5.) Don’t make your hero a slider

A hero slider is one of those that has multiple hero banner panels that slide around to reveal the next hero slide. They might have arrows on the left and right allowing you to click through to the next or previous slide, or they may just have those little dots at the bottom equal to the number of slides available. Either way, I’m going to endeavor to steer my websites and designs away from this trend, and I’ll tell you why. Think about this…

Consider a website that is not your own. Something you just stumbled on maybe while browsing sites for something you need. How often have you actually paid attention to more than the first slide? How often have you sat there and waited for the slide to change and thought, “I wonder what’s on the next slide?” and you didn’t just scroll down the page or click on the navigation to move to the page or thing you were really interested in? Hardly ever, right? Now think back to those slides that you did take the time to go through and look at. Which one was the strongest and had the information that made you want to keep looking at this site? The first one, right? 9 times out of 10, it should be. Lastly, have you ever had the slide change too quickly and you had to hit the previous arrow because you wanted to finish what you were reading?

Furthermore, if you’ve ever made one of these on your website, or worked with someone to make one, you know that choosing every image on those heroes is an undertaking. Every word needs to be perfectly smithed to say just the thing you wanted it to say. You probably sorted through hundreds of stock images to find just one image you might want to use for it. When the first one is the one you want people to read, why spend all the time and effort to make additional ones? Why ever take the user’s attention from the one hero that says it all about your business? The one that was designed to “hook ’em” and send them to the next leg of their journey through your site. Interrupting that flow isn’t really beneficial, so why do it?

And if that hasn’t sold you on the idea, consider this: my last full-time job before BTG was working with the blind and the deaf to improve accessibility and experiences on screen readers for the web. Sliders (which are really just single-focus carousels of images) are programmed a hundred different ways to Sunday, and rarely are two alike in their base html; the code that a screen reader uses to determine what to interpret to a user. They get all kinds of confused, and the words the screen reader does choose to interpret are often broken and interspersed with strings of numbers and abbreviations. Whereas a single banner image with text positioned on top of it gets read flawlessly. What would you rather have if those were your choices?
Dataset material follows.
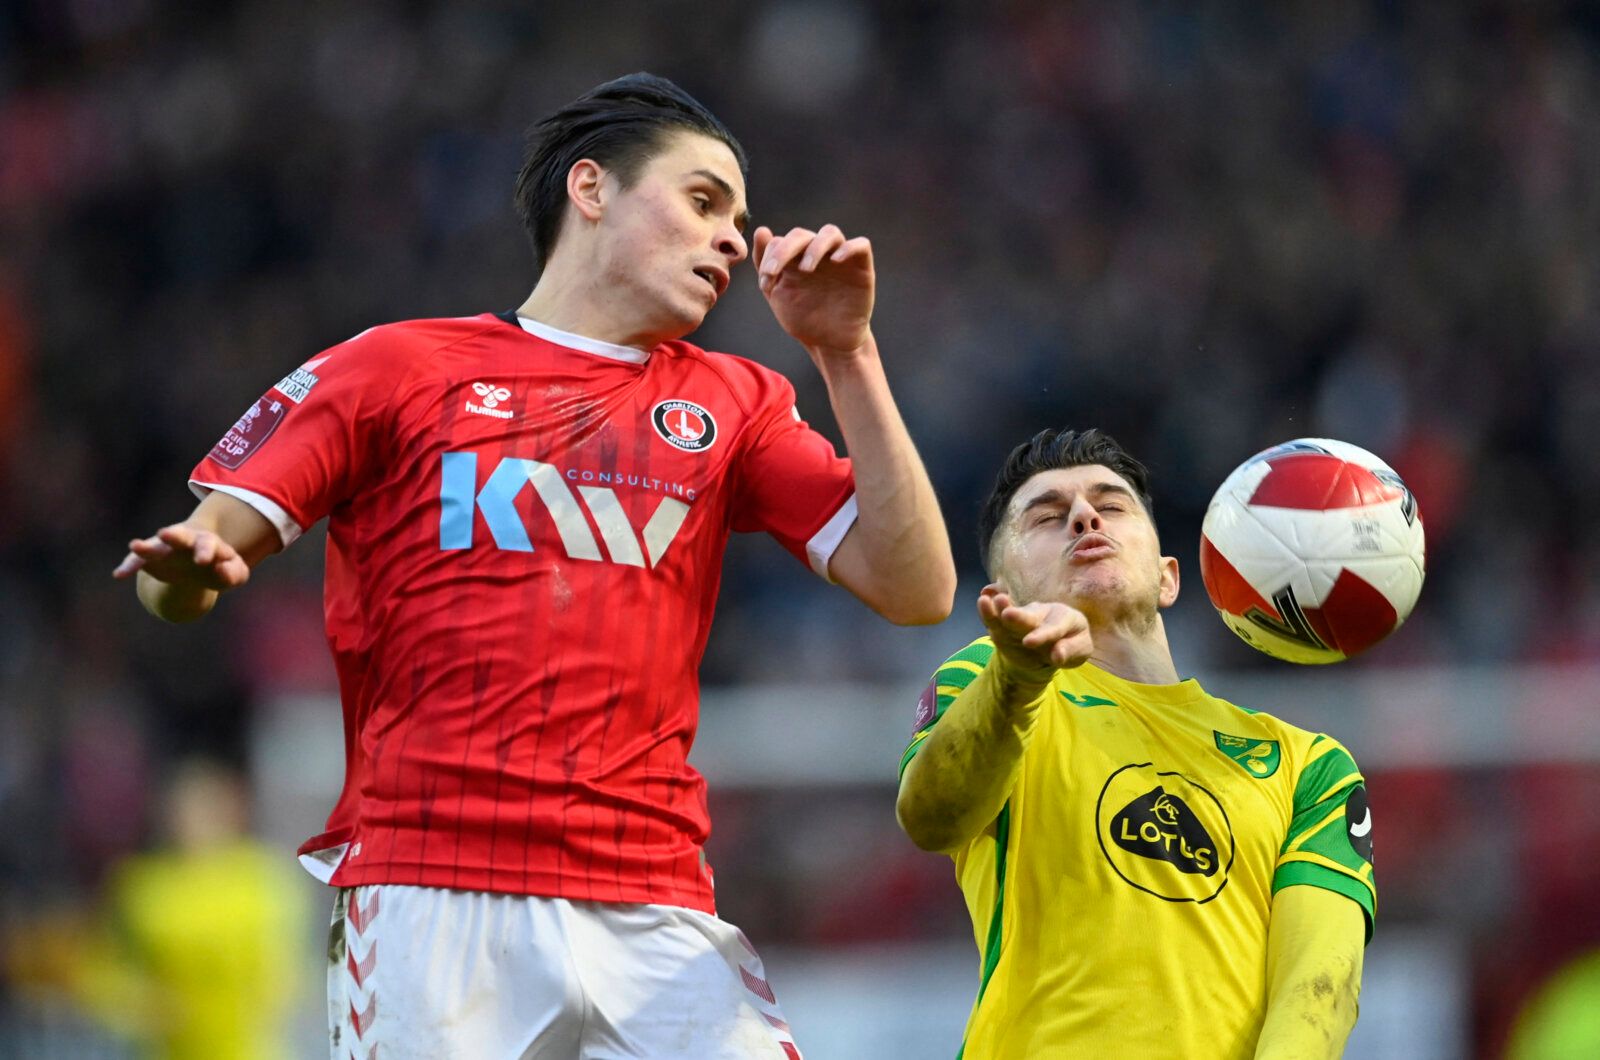 Soccer Football - FA Cup Third Round - Charlton Athletic v Norwich City - The Valley, London, Britain - January 9, 2022 Charlton Athletic's George Dobson in action with Norwich City's Milot Rashica REUTERS/Tony Obrien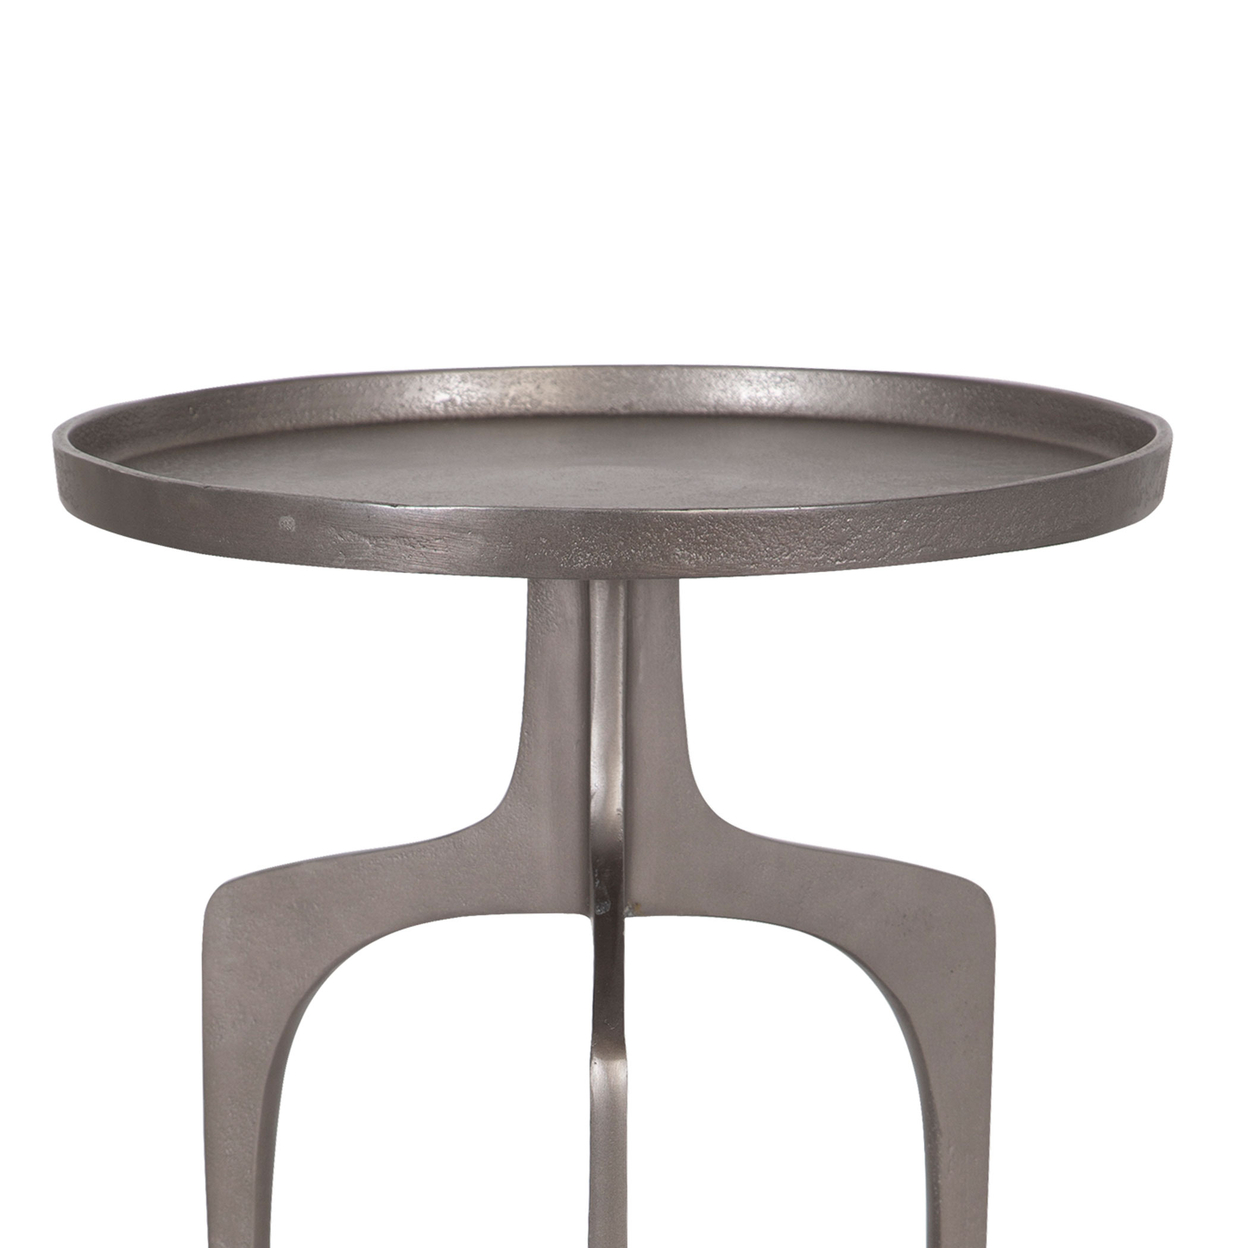 22 Inch Metal Round Accent Table, Three Curved Legs, Nickel Silver- Saltoro Sherpi

Overall, I learned a lot from all the speakers, and even from my fellow attendees. Surprisingly, the subjects I expected to get the least from ended up being the ones I was most altered by. The atmosphere was incredibly open and inviting to questions for the beginner as well as the experienced, and I will be attending again next year in Atlanta as well as possibly some in other cities near me. I encourage anyone with an interest in this platform to go to Wordcamp Central and see if there’s an event happening near you any time soon, and to go if there is! It will change your perspective.